根據最高人民法院工作報告,有相當一部分案件被執行人完全喪失履行能力、經核查確無財產可供執行,客觀上不具備執行條件,即使法院窮盡一切措施,也無法實際執行到位。
周強院長在報告中也提到,民商事案件中約18%的案件是“執行不能”案件。涉及到債務的,其中一類便是自然人債務。一些交通事故、人身損害賠償、刑事附帶民事訴訟等案件,被執行人自始就財力有限,甚至“家徒四壁”,確無清償能力。
根據人民法院報的報道,從世界各國通例來看,“執行不能”案件屬于當事人應當承擔的商業風險、法律風險、社會風險,并非法院執行不力所致,需要通過個人破產、社會救助等制度機制予以解決,不屬于申請執行的范圍,不能進入執行程序。
然而,在我國,因為沒有個人破產制度,在債務人無力償債的情形下,債務人本人不能申請破產,債權人也無法申請債務人的破產,一些債權債務就此成為爛賬,長期纏繞著債權人和債務人,讓雙方都背負著包袱。

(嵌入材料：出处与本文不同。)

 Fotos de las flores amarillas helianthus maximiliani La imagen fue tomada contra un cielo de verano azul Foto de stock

而法院對于這些無力還債者也是無能為力,這些“執行不能”的案件進而影響了法院的聲譽。
一位律師告訴記者,執行難一直是困擾中國司法界的一個難題,最高法提出建立個人破產制度,其實是想通過這一制度解決一部分執行難的問題。
他同時表示,現在關于個人破產制度的草案都還沒有出來,最高法會秉持哪種立法思想還很難猜測。但可以確定的是,個人破產的條件會非常嚴格,肯定會比企業破產的條件高,不是誰想破產就能破產。
根據央行《2018中國金融穩定報告》,2013-2017年,網貸行業貸款余額的年均復合增長率達到159%。然而部分居民不考慮還款能力,過度借貸,造成逾期無法償還,甚至引發惡性催收等惡性事件。

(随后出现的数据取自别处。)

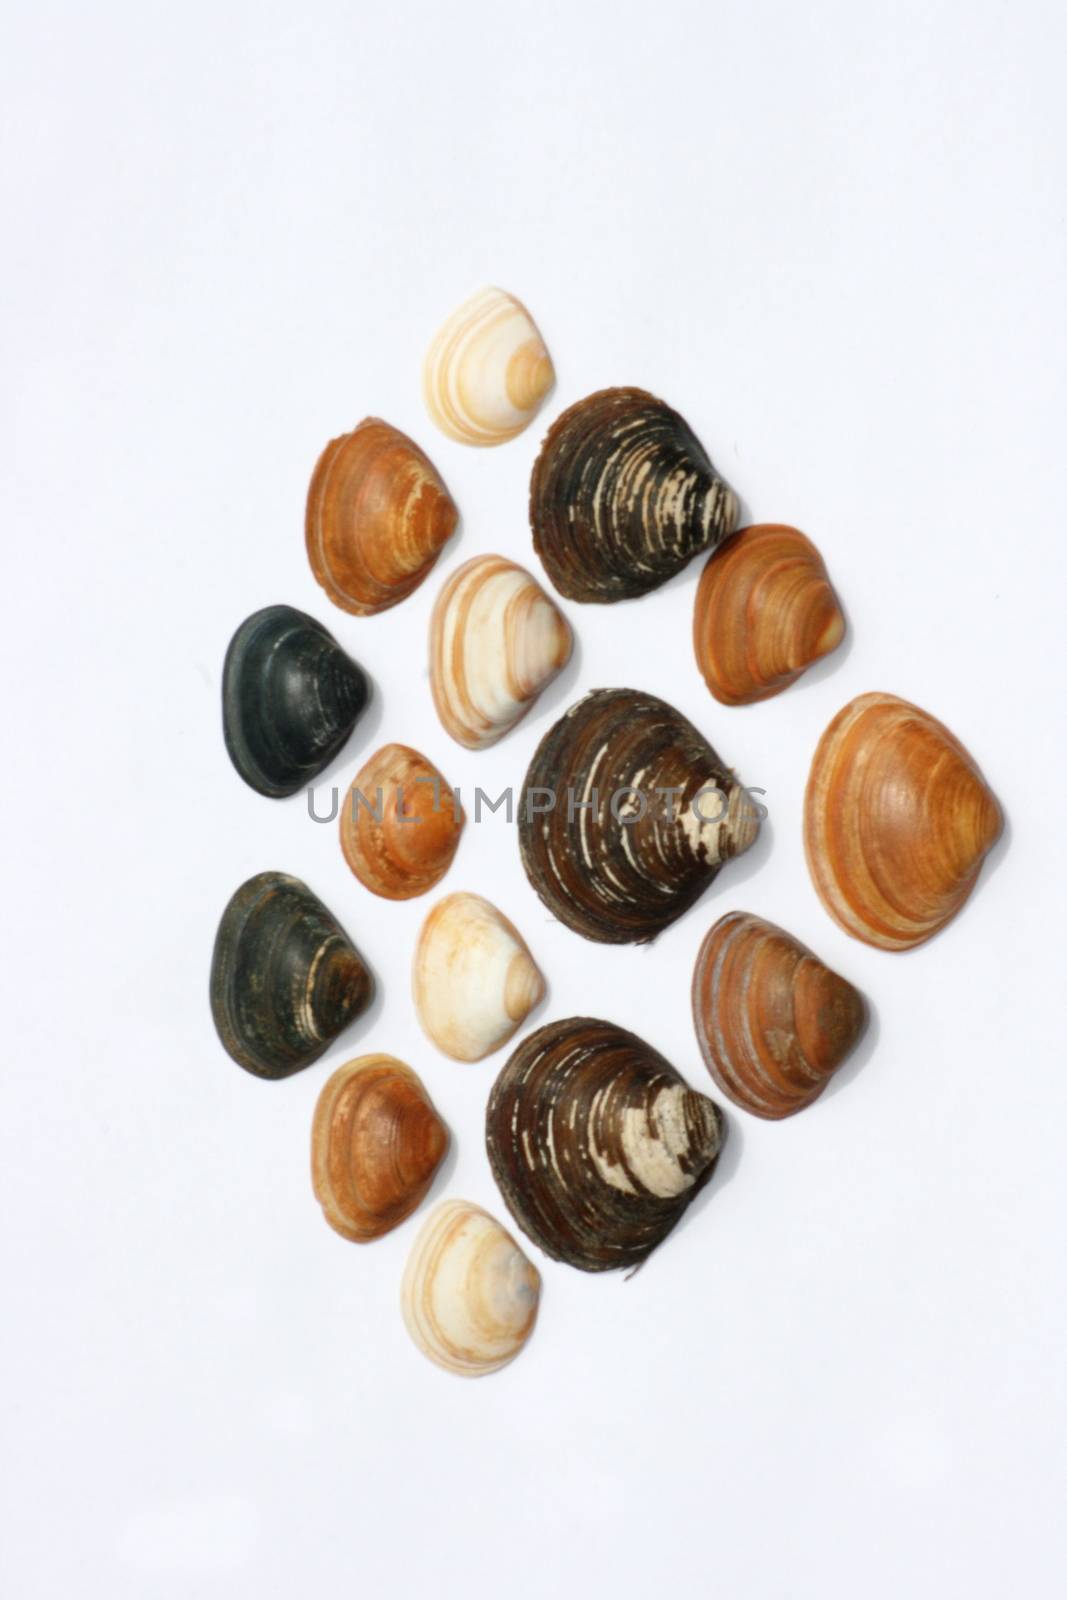 shells by hadot

個人破產制度之所以引人注目,固然和現在越來越多的個人債務問題密切相關,但是從最高法院的表述來看,個人破產法針對的是被執行人完全喪失履行能力、經核查確無財產可供執行的情況。
中國人民大學法學院教授徐陽光就指出,不要以為只要申請破產就可獲得免責,更不要將個人破產等同于“逃廢”個人債務。
以我國香港地區為例,破產人的破產期間為4年或者5年,在住房方面,破產人最長可以居住在其所有的房產內12個月,期滿后破產人必須騰退,交付給受托人,由受托人將其變現償還債務。

在日常生活中,破產人除保留必要的日常生活開支外,其他全部收入均應交付給受托人,用于償還債務;破產人也不得有任何高消費行為;在信貸消費超過100港幣時,應當事先向對方告知其破產人的身份。
值得注意的是,現在大家談論個人破產制度的建立,最高法也有意向推動個人破產制度的建立,但是在記者與多位律師的交流中,他們普遍對短期內個人破產制度的推出持謹慎態度。
關鍵點在于個人信用機制在我國并沒有建立完備。
雖然央行的個人征信系統在不斷的完善,但是互聯網金融征信仍然處于缺失狀態,這也給了很多人過度借貸的機會。
在這種情況下,律師們普遍認為,建立個人破產制度還有很長的路要走。
對于我們一開始提出的那個問題:一旦我國個人破產制度建立,欠了“網貸”或者銀行信用卡的錢,如果還不起了,可以申請個人破產不還了嗎?他的回答是,你可以申請破產不還,但是這同時意味著你的信用破產,如果你要恢復信用,還是要把之前欠的錢還掉。